I woke in the morning, my blankets hanging half of the bed. I stretched my arm out along my bed, searching for his cold touch. There was nothing. Raising my head I turned it to the rocking chair in the corner, sure he would be there.
I bolted up at the empty chair. I tried not to let the panic take hold as I realized he wasn't here. There could be a million reasons why, I tried to tell myself to calm down, but when I spied his shirt still on the floor beside my bed I knew it was a lost cause.
"Edward?" I called, probably too loud. I didn't know what time it was or where Charlie was but in that moment I didn't care. When my room stayed quiet and empty I felt the panic growing. Something was wrong. Something had gone wrong.
Finally remembering the cell phone he insisted I now carried I lunged for my nightstand, pressing the speed dial and putting the phone to my ear. It rang once, then relief flooded me as I heard his voice on the other end.
"Bella."
"Edward." I don't know why my throat felt tight and constricted but it must have sounded like it to cause his next words were ones of worry.
"What's wrong?"
"You. I." I was still trying to get a grip on my own emotions.
"Bella tell me." His own voice started to sound panicky now.
"It's fine.
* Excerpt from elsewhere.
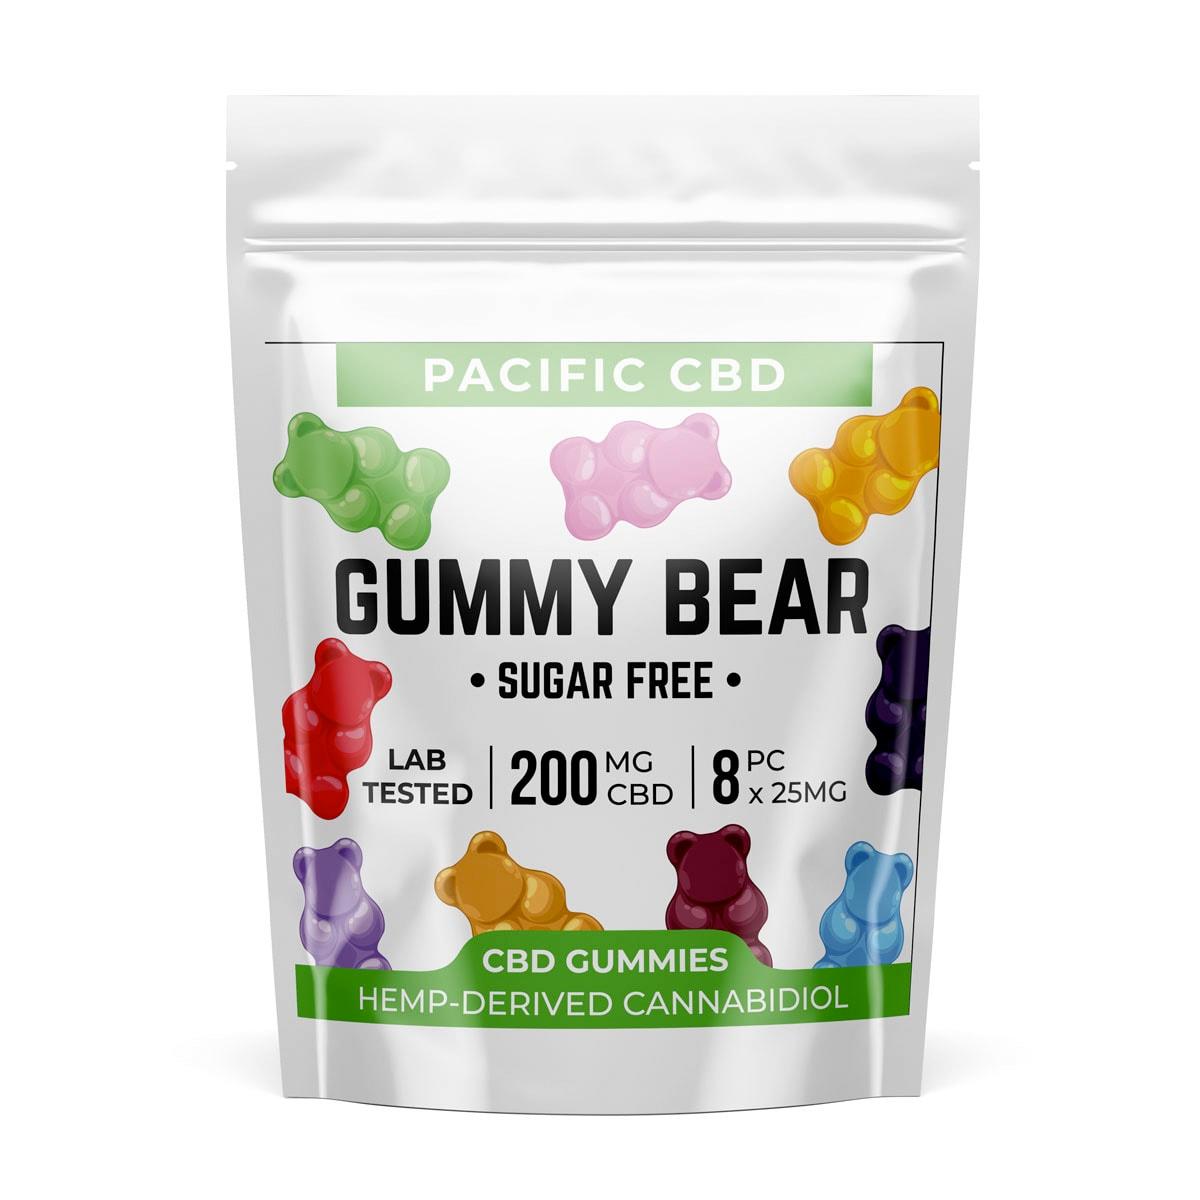 Buy Pacific CBD Sugar Free Gummy Bears 200mg
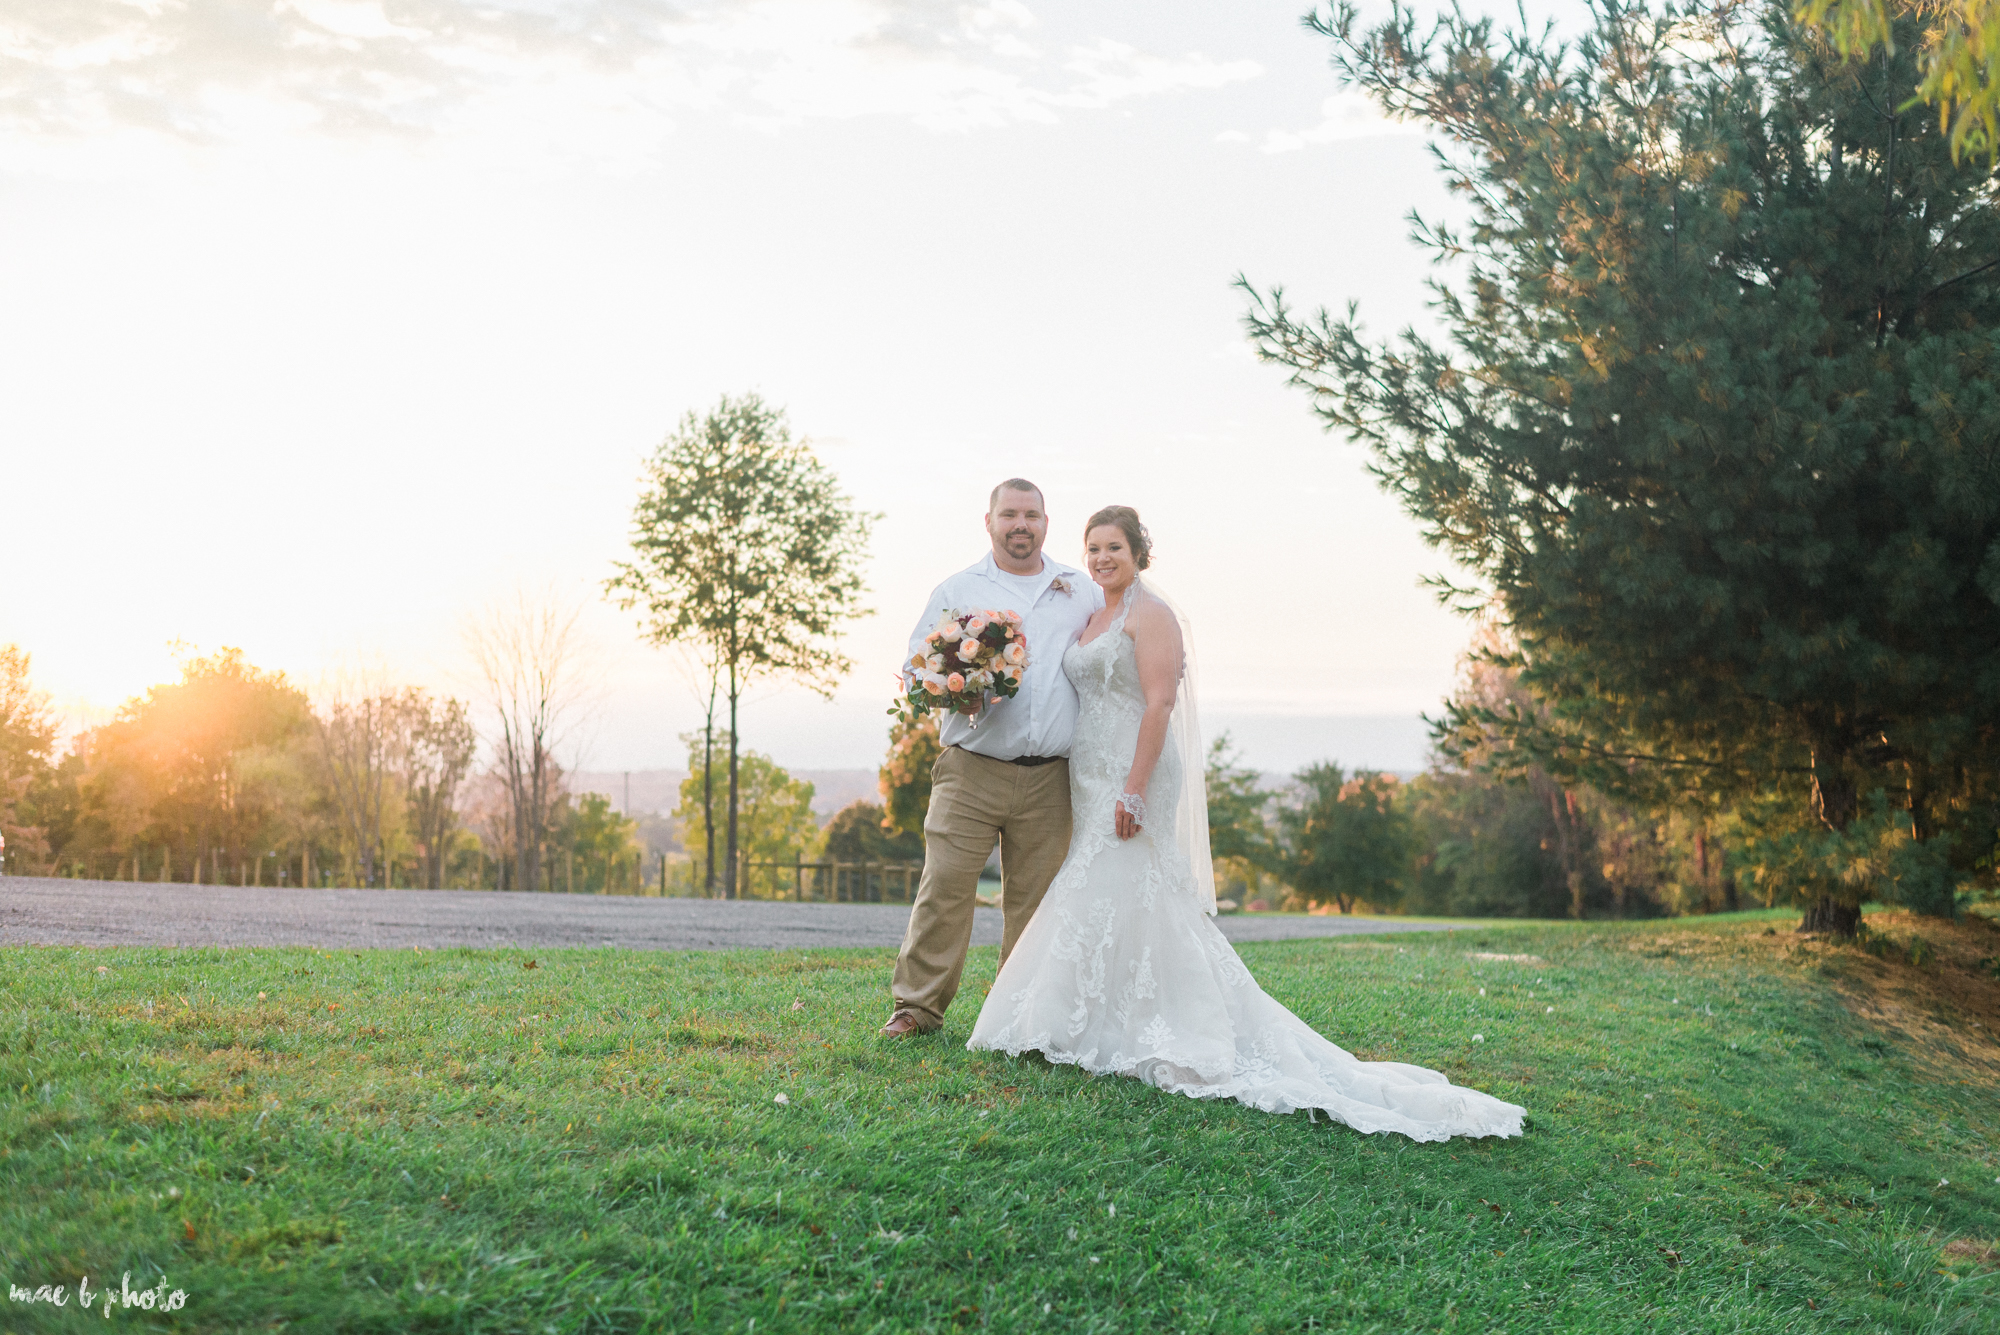 Sarah & Dustin's Rustic Chic Barn Wedding at Hartford Hill Winery in Hartford, Ohio by Mae B Photo-85.jpg

Im fine. I just…I woke up and you weren't here but your shirts still here and I thought something must have happened and I couldn't stop myself from panicking." The words rushed out of me so fast it was a miracle he understood them.
"Bella I am so sorry. I should have thought better about how you would feel waking up with me just gone." He sounded strained, and I knew he would be beating himself up over it.
"No, it's okay. Im fine."
"Im so sorry." His words stopped me. He sounded more upset than he should be, his apology seemed to go deeper than startling me by not being here. Which reminded me that he had yet to explain.
"Edward, is everything okay? Why weren't you here when I woke up?" His pause did nothing to reassure me.
"Everything is fine Bella." My heart sank, the panic starting to build back up.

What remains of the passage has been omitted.